From NPTEL's Commutative Algebra online course, lecture 17 (link here in the time of the video the example is given), it is given the following example concerning a non-finite $\mathbb{Z}$-algebra:
Example: $B=\dfrac{\mathbb{Z}[x_1,x_2]}{\langle x_1^2\rangle}$ is a finitely generated $\mathbb{Z}$-algebra and a generating set for $B$ is $$ G=\{\overline{x}_1^j \overline{x}_2^i: 0\leq j \leq 1,\, 0\leq i \leq \infty\} $$ Note that $B$ is not a finite $\mathbb{Z}$-algebra.
From the definition of a finitely generated $A$-algebra (Atiyah - MacDonald pg 30):
The homomorphism $f:A\rightarrow B$ is of finite type and $B$ is a finitely generated $A$-algebra if there exists a finite set of elements $x_1,...,x_n$ in $B$ such that every element of $B$ can be written as a polynomial in $x_1,...,x_n$ with coefficients in $f(A)$.
Here obviously $A=\mathbb{Z}$. It's not clear to me why $B$ is a finitely generated $\mathbb{Z}$-algebra.
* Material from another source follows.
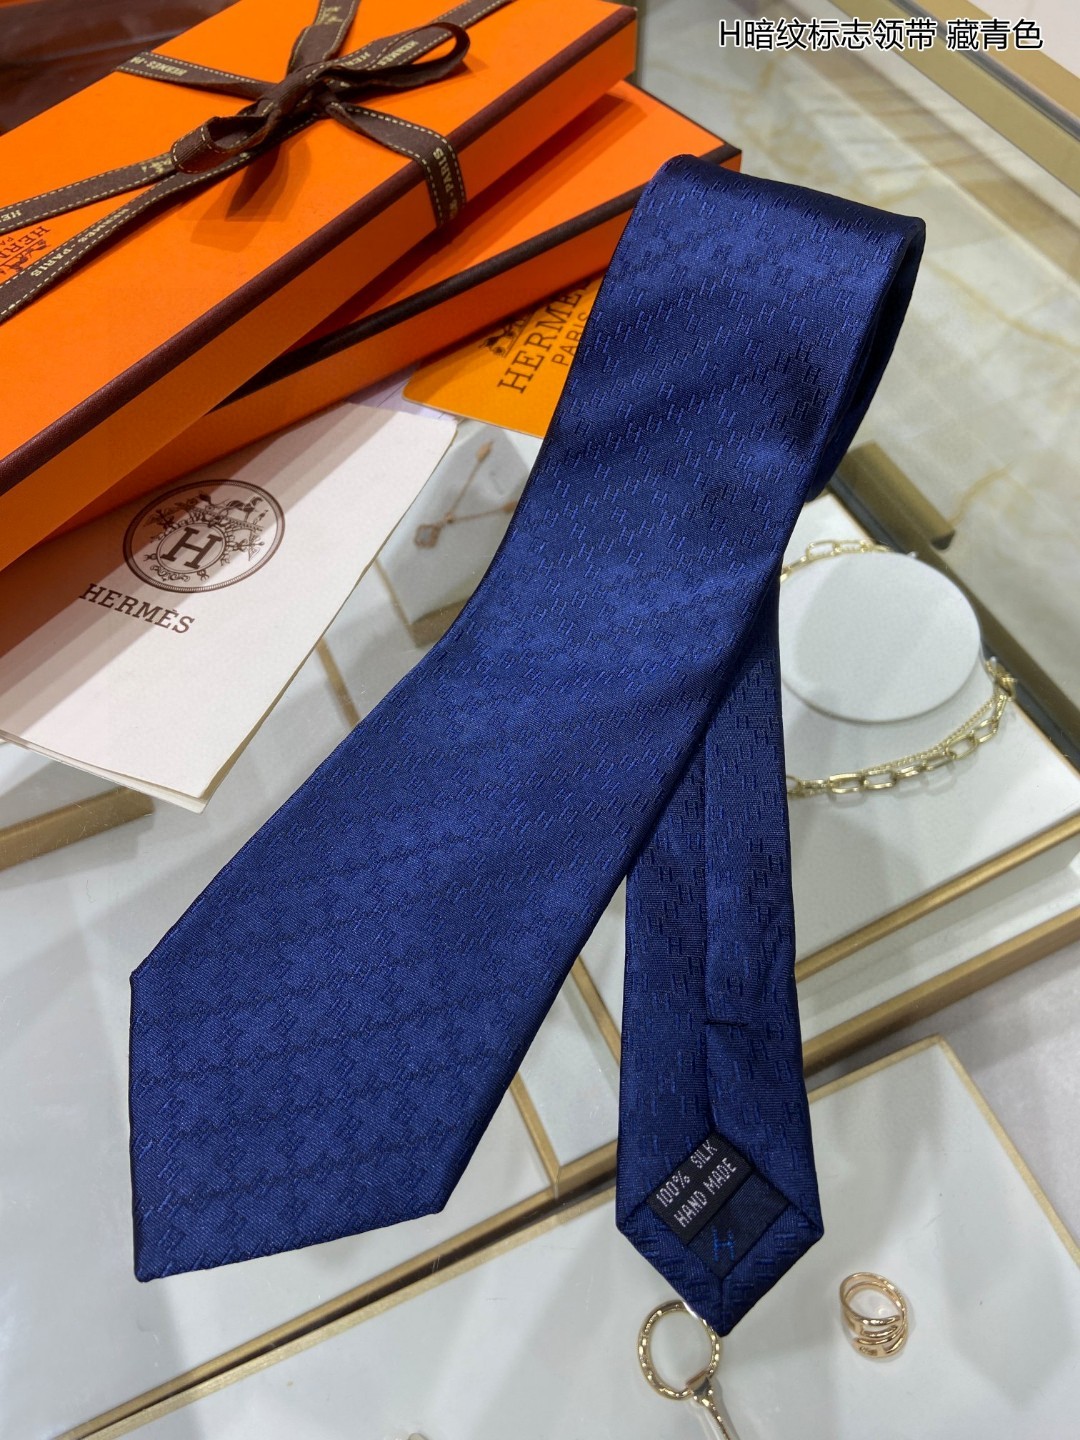 男士新款领带系列H暗纹标志领带稀有H家每年都有一千条不同印花的领带面世从最初的多以几何图案表现骑术活动为

The homomorphism $f$ is not given explicitely so I assumed it's $n\mapsto n\cdot 1$, so that $f(\mathbb{Z})=f(A)=\{ \overline{n} \in B: n\in\mathbb{Z}\}$.
I can't see why any element in $B$ is written as a polynomial (coefficients in $f(\mathbb{Z})$ of finite elements of $B$. It seems to me that given any finite set of $B$ i can find an element of $B$ outside its span. Maybe I got the definition wrong. Could someone explain it to me?